Гражданин Города Солнца. Повесть о Томмазо Кампанелле
Шрифт:
Здесь Кампанелла с изумлением заметил в себе перемену. Что бы ни происходило с ним до сих пор, он писал стихи. О земле и о небе. О счастье, к которому стремился, и о бедах, что обрушились на него. О милых друзьях. О великой мудрости и о страшном неразумии мира. О пытках, которые перенес. О женщинах, о которых мог только мечтать. О своих надеждах. Надеждах, несмотря ни на что.
Но здесь, в новой тюрьме, не такой страшной, как прежняя, он перестал писать стихи. 1608 год был отмечен тремя событиями в жизни Кампанеллы. Ему исполнилось сорок лет. Его перевели в Кастель дель Ово. И он перестал писать стихи. Словно лопнула какая-то струна в душе. Что сказал бы Пьетро Понцио, собиравший каждую стихотворную строку, написанную им, узнай он, что Кампанелла
Тем неистовее трудился он над научными сочинениями.
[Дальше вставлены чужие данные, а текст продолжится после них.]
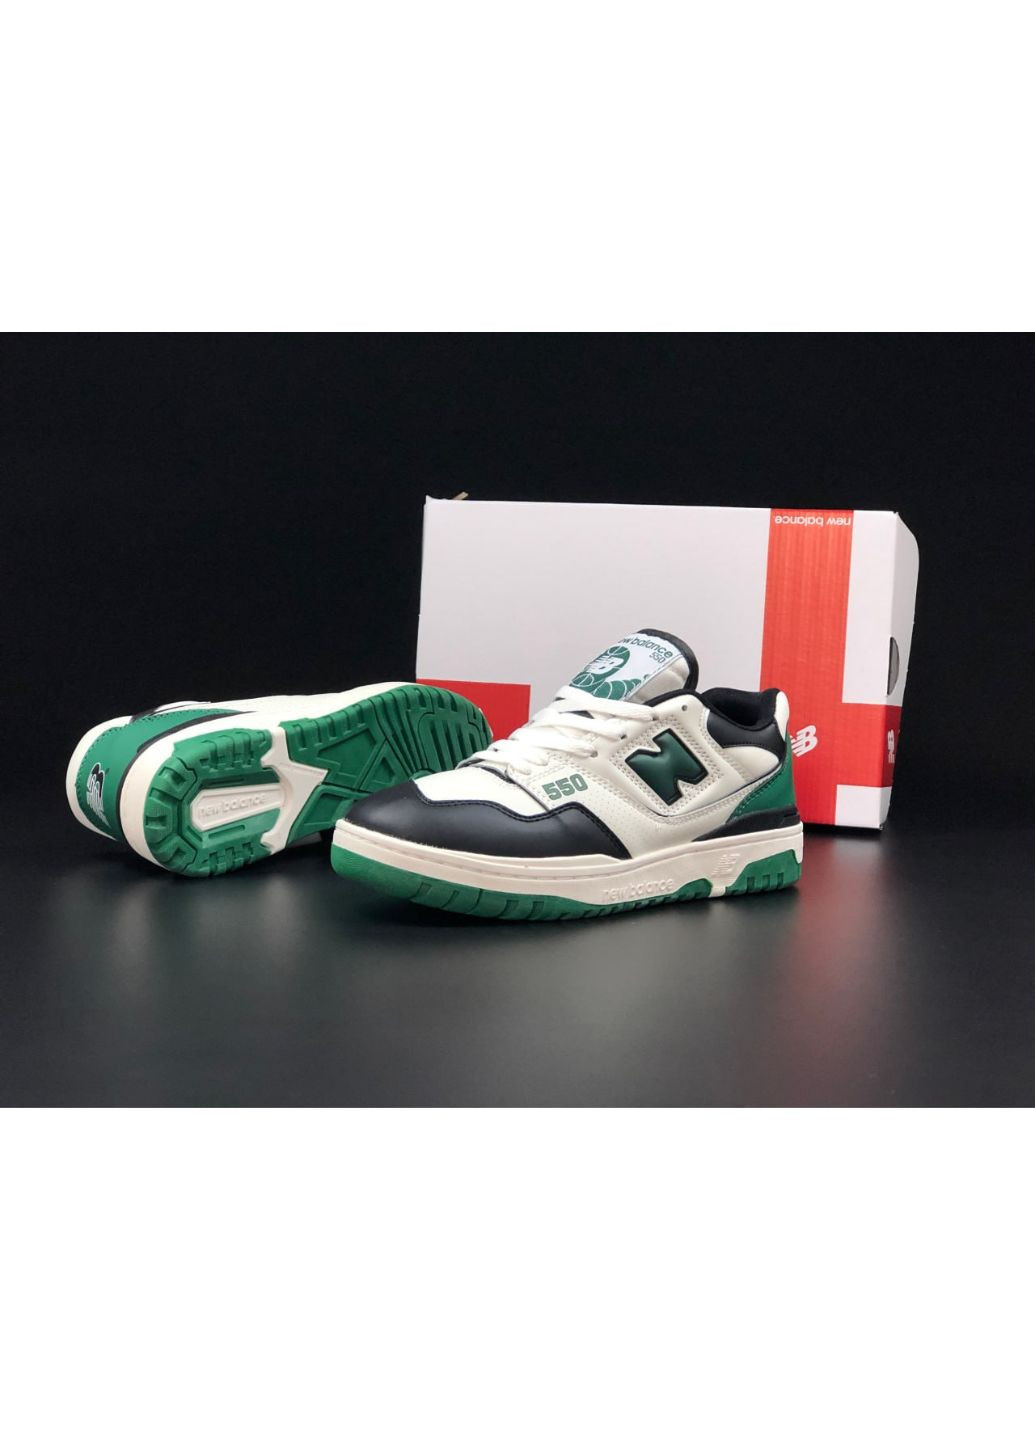 Белые демисезонные мужские кроссовки белые с зеленым "no name" New Balance 550

Теперь его мысли были обращены к физике и медицине. Все, о чем когда-то толковали они в домах дель Туфо и делла Порта, обступило его. Беседы с Соправия и Кларио пришли на ум. Вспомнились и недолгие встречи с Галилеем и Бруно. Единственным пособием в этих трудах была его память. Он писал упорно, заставлял себя быть осторожным, чтобы не дать оснований вновь обвинить себя в ереси, но, увлекшись, забывал об осторожности. Смолоду мечтал он создать универсальный свод всех наук. Теперь он принялся за эту задачу…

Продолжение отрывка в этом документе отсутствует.